ACTIVITY
Copy the listing as it is written, and leave each picture out.

(DATA BELOW)

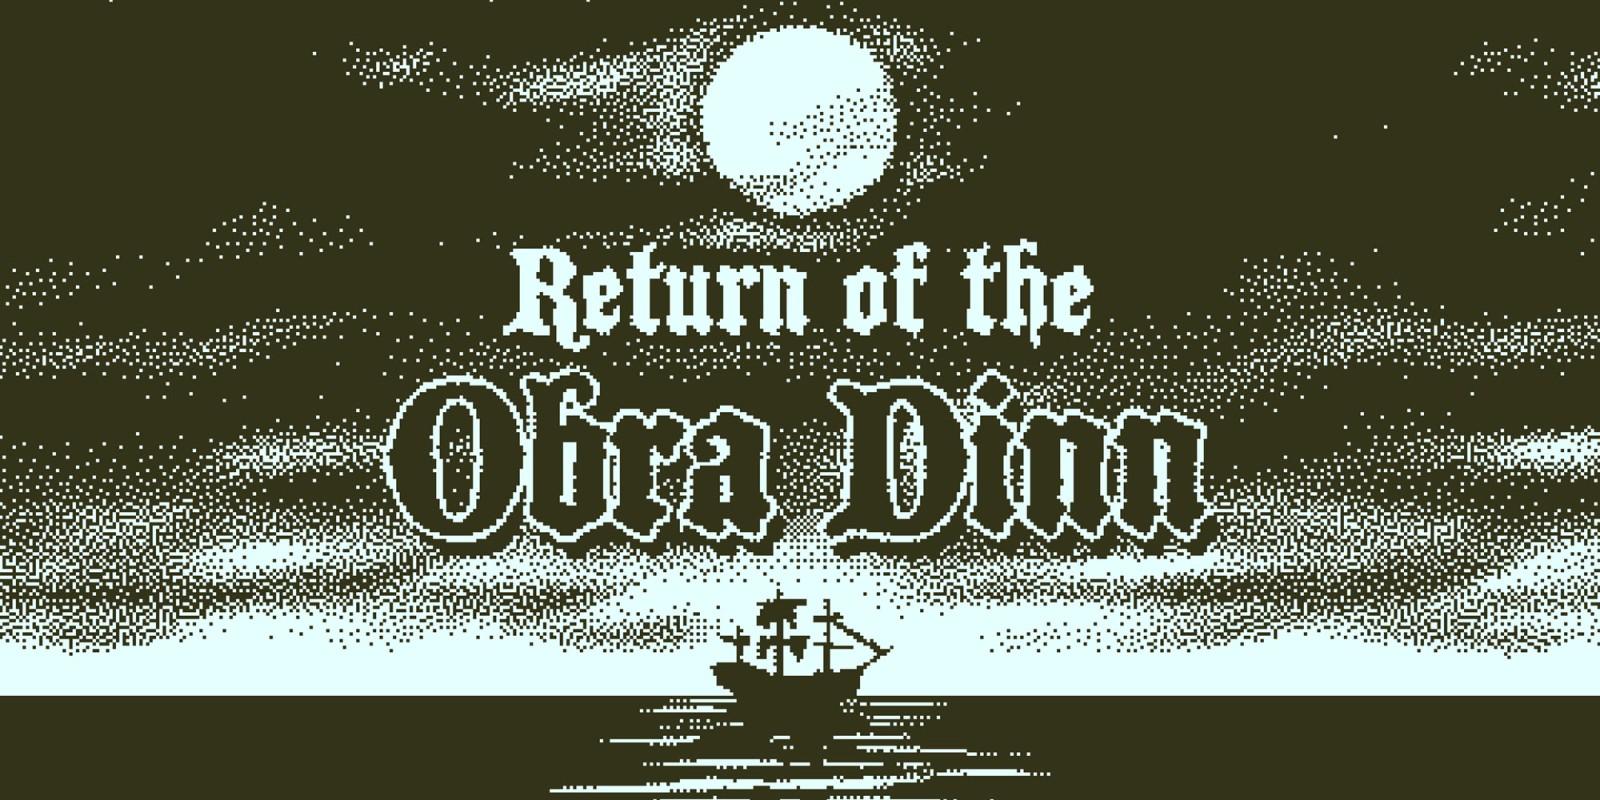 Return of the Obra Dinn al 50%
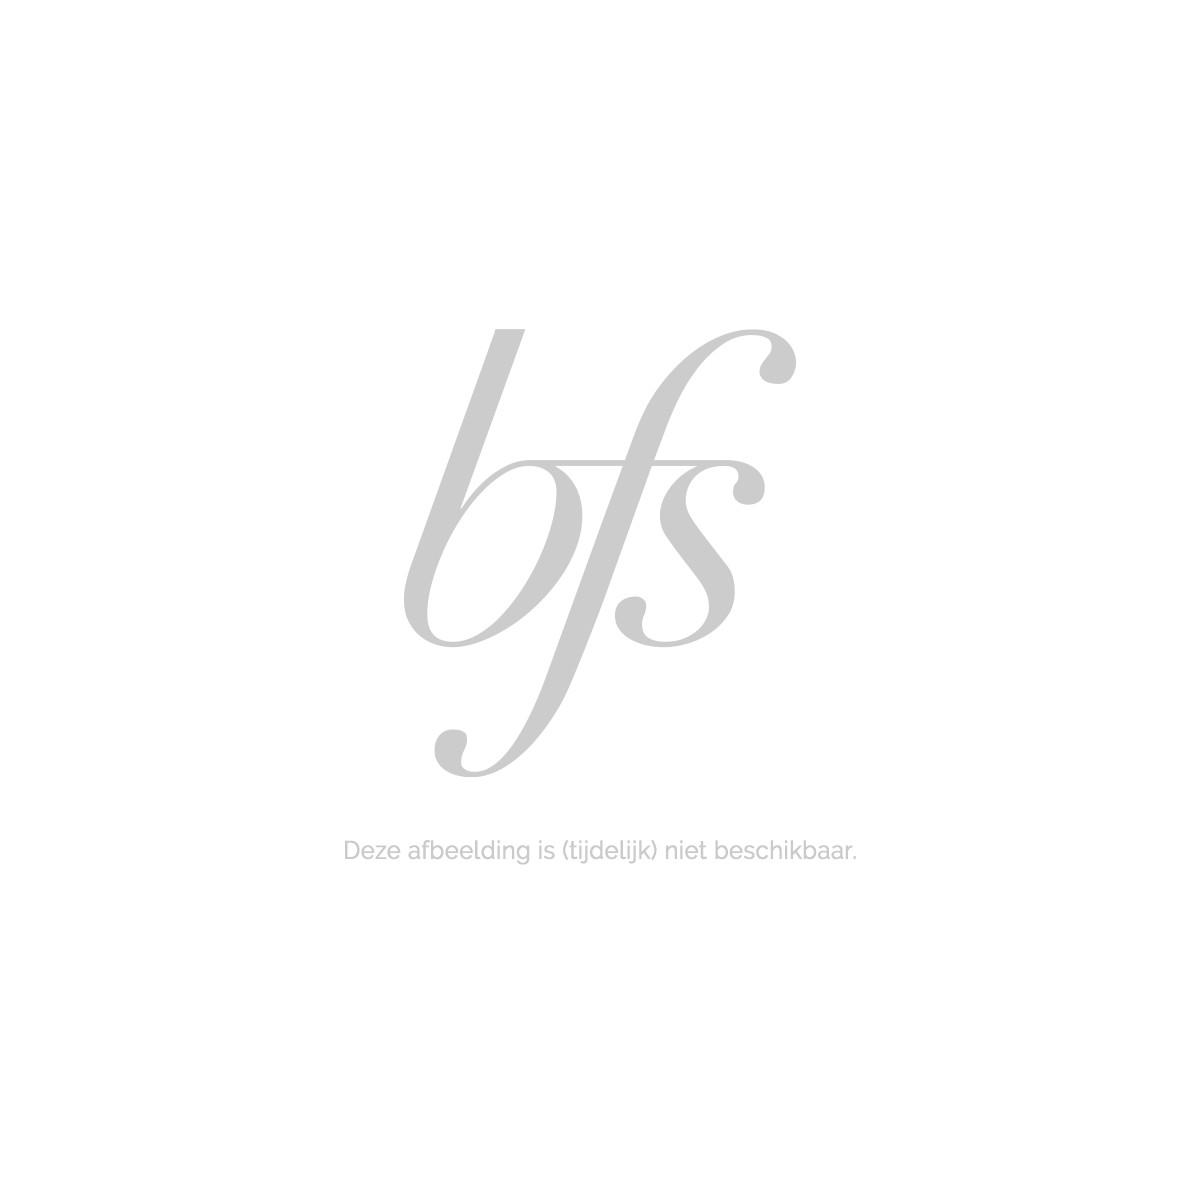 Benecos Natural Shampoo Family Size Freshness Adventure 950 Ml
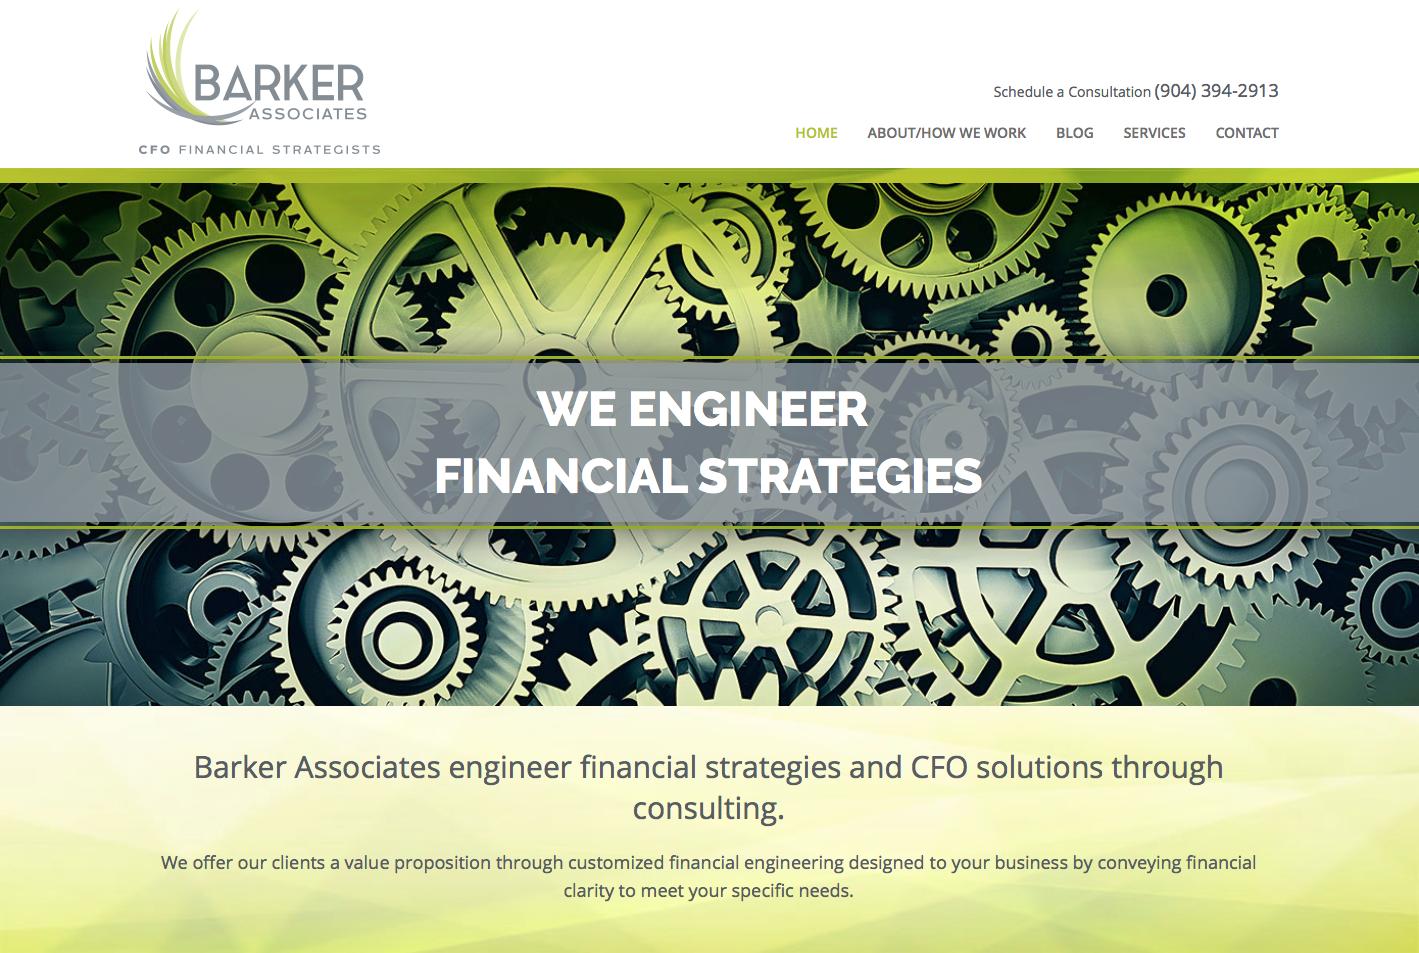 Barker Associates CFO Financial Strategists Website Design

(End DATA BELOW)

EXPECTED ANSWER
 Return of the Obra Dinn al 50%
 Benecos Natural Shampoo Family Size Freshness Adventure 950 Ml
 Barker Associates CFO Financial Strategists Website Design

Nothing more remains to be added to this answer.